What you have to do: Your response should be an exact transcription of the data, images excluded.

Dataset extract:
================

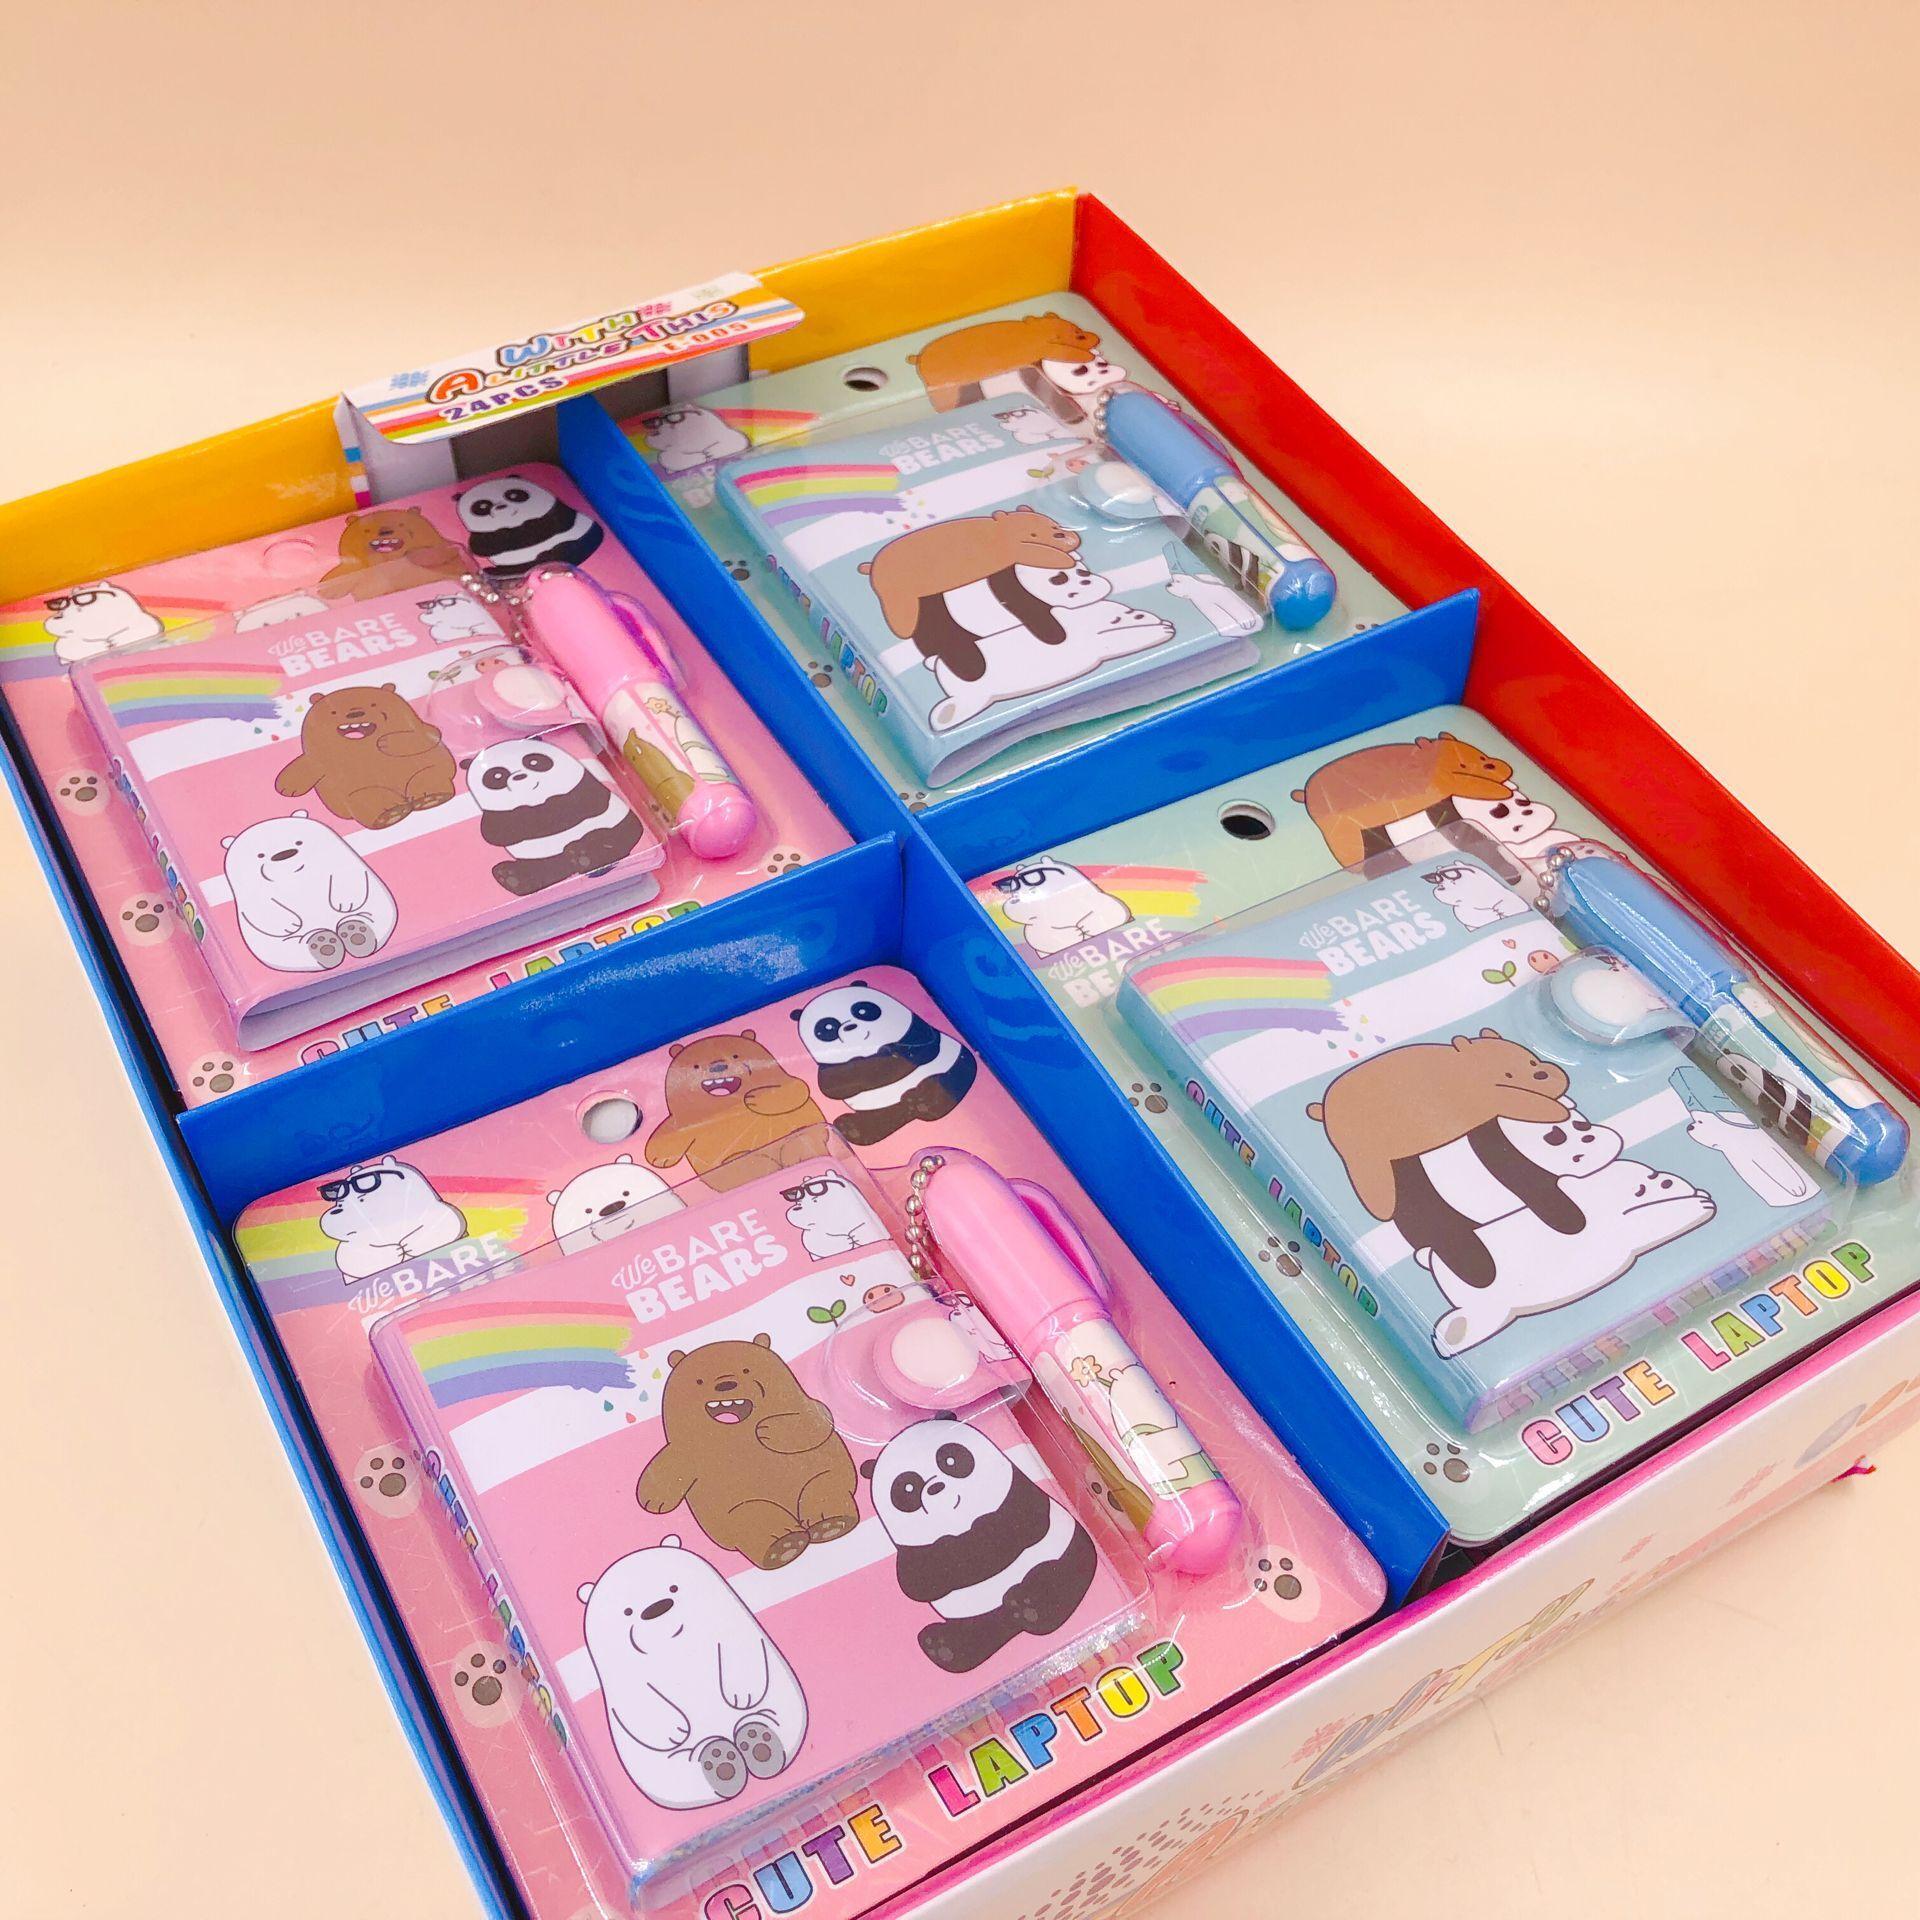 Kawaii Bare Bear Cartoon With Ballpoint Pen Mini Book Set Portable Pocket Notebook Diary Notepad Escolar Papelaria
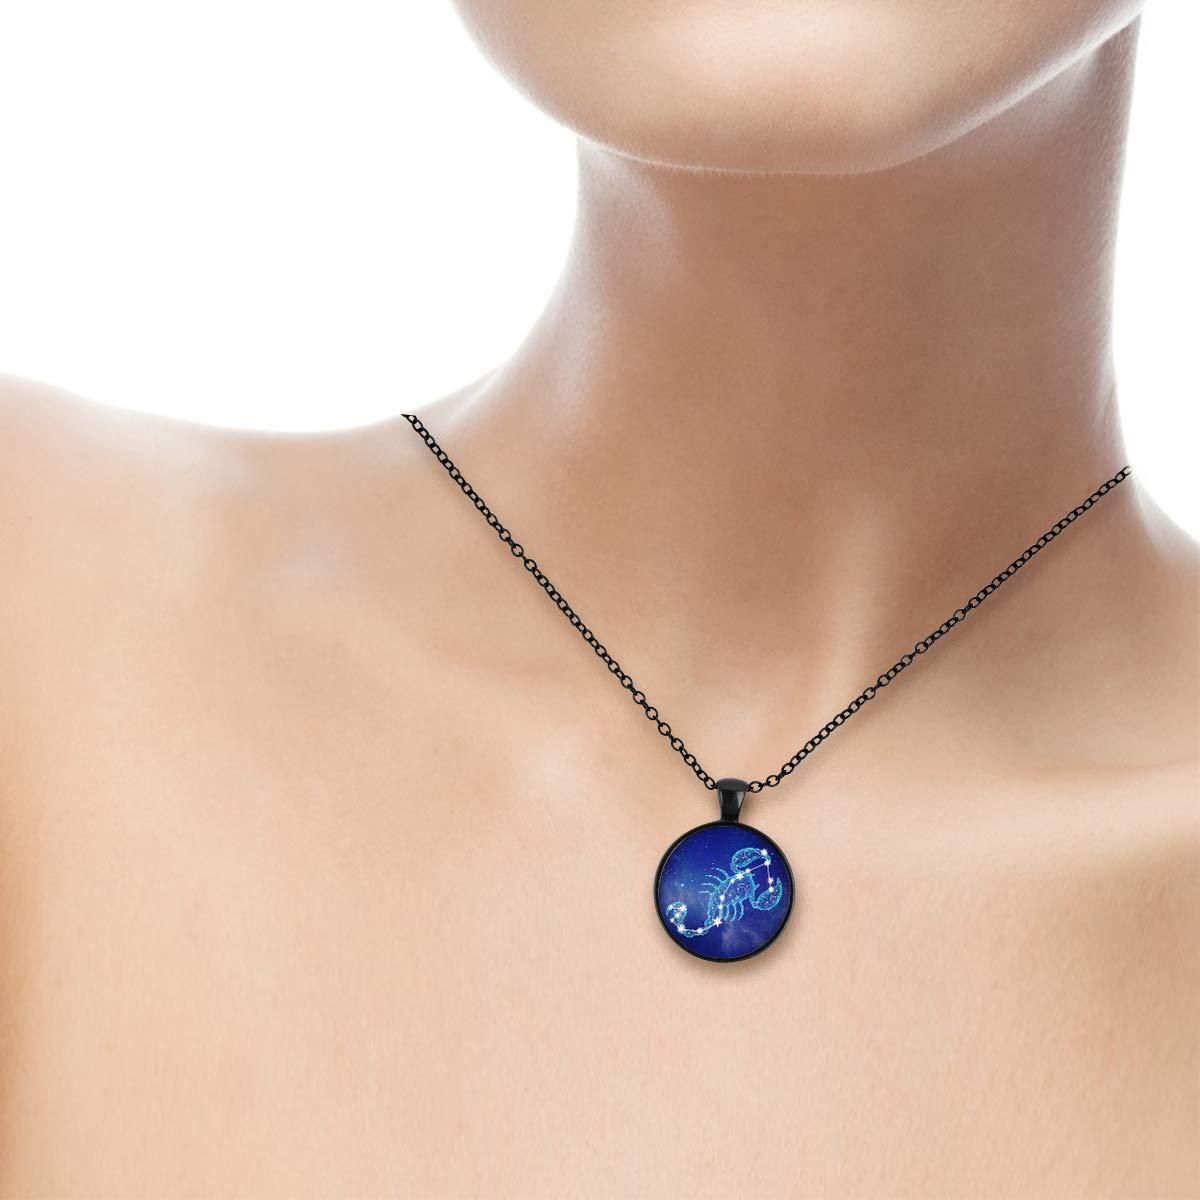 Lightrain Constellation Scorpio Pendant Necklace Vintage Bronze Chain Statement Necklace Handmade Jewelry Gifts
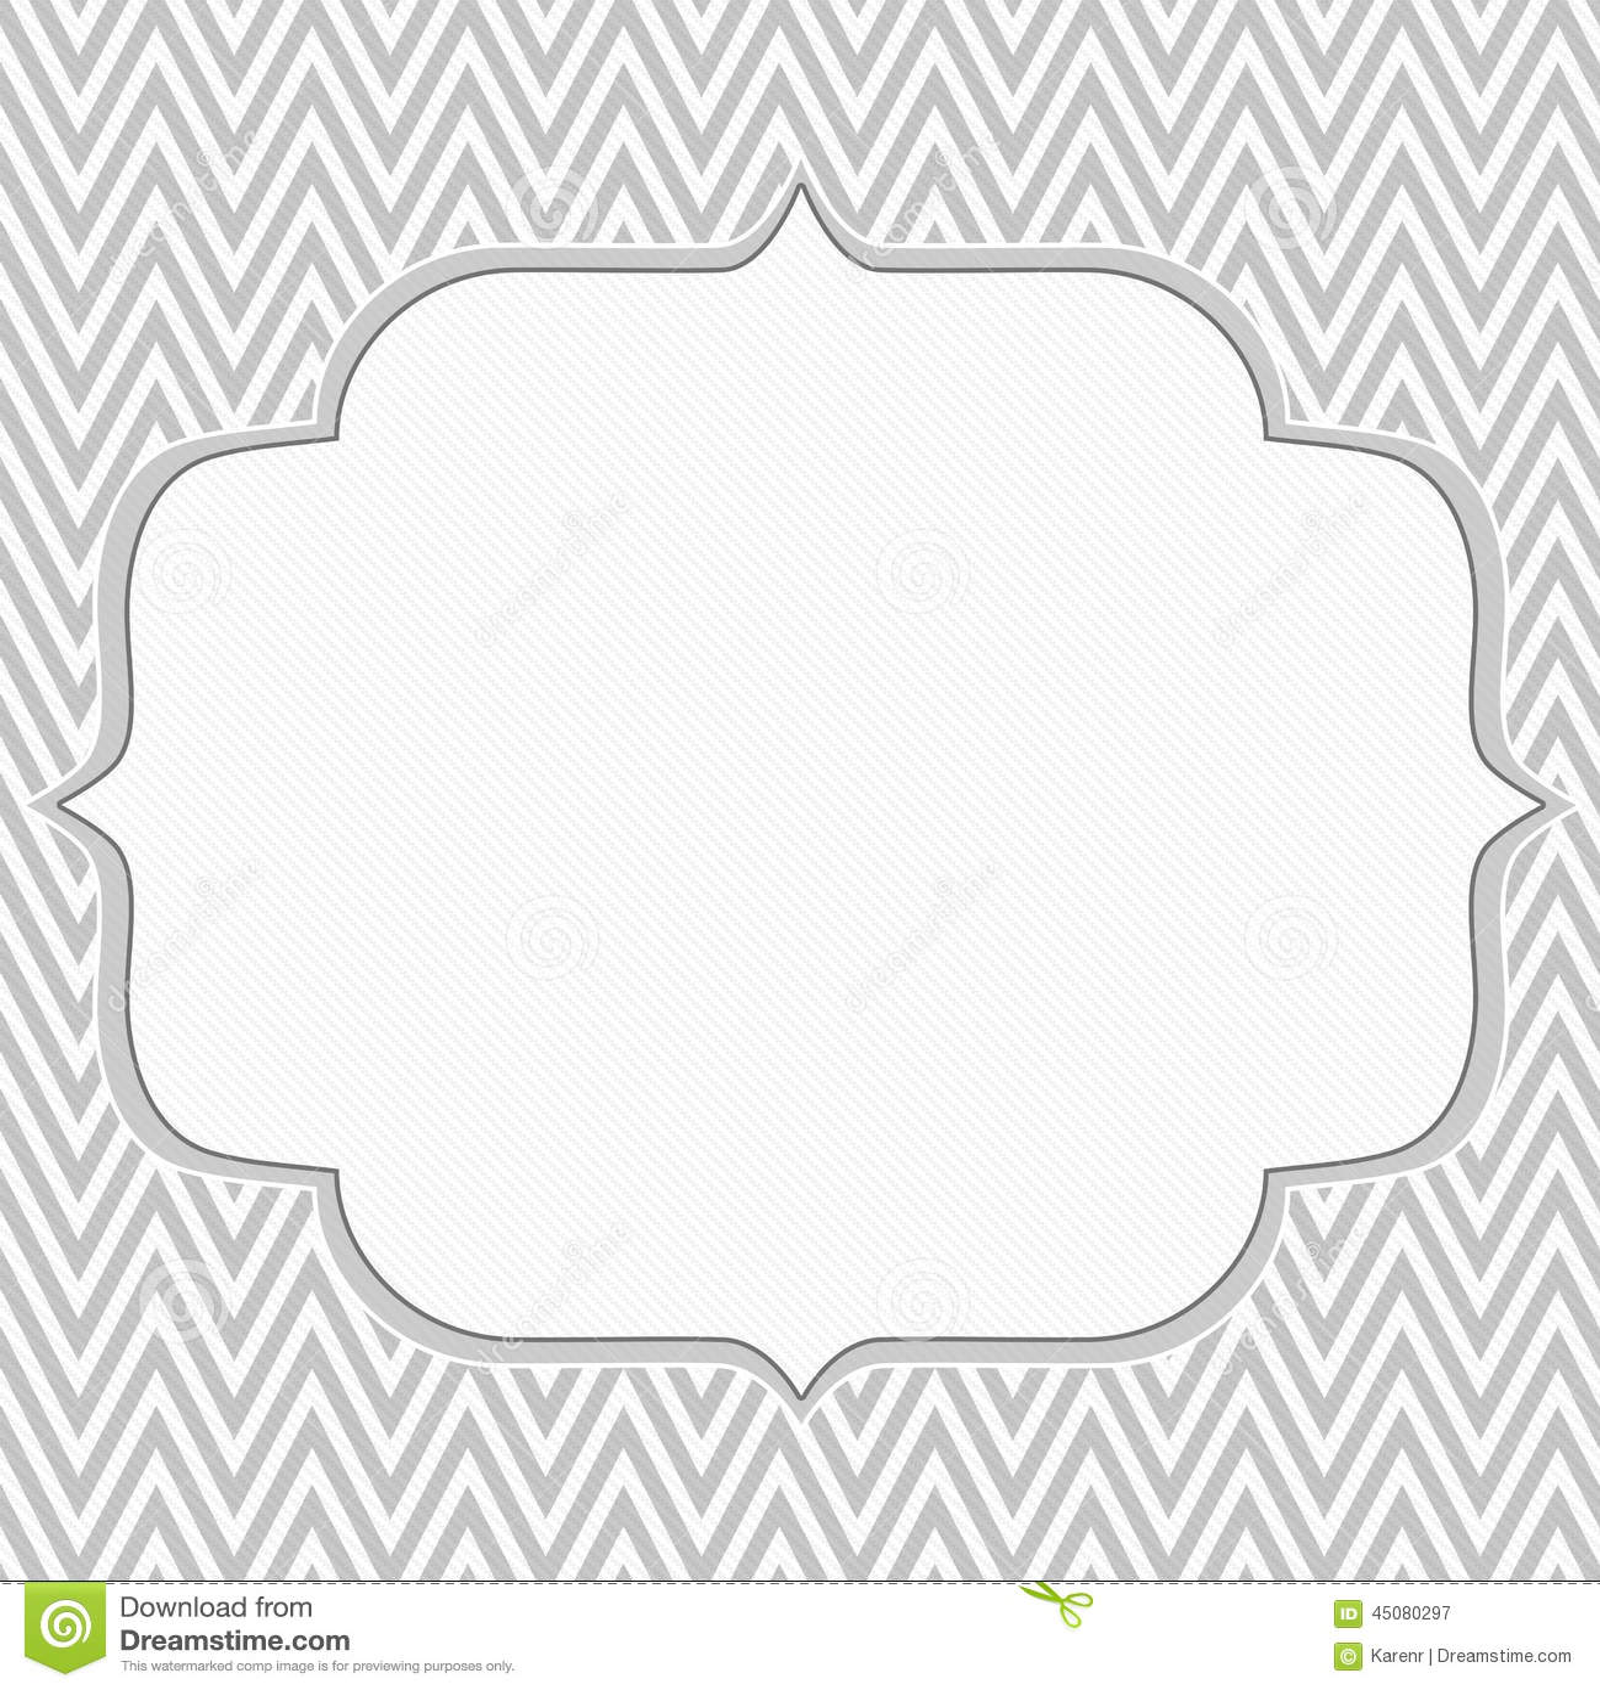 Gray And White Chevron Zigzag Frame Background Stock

================

Problem solution:
 Kawaii Bare Bear Cartoon With Ballpoint Pen Mini Book Set Portable Pocket Notebook Diary Notepad Escolar Papelaria
 Lightrain Constellation Scorpio Pendant Necklace Vintage Bronze Chain Statement Necklace Handmade Jewelry Gifts
 Gray And White Chevron Zigzag Frame Background Stock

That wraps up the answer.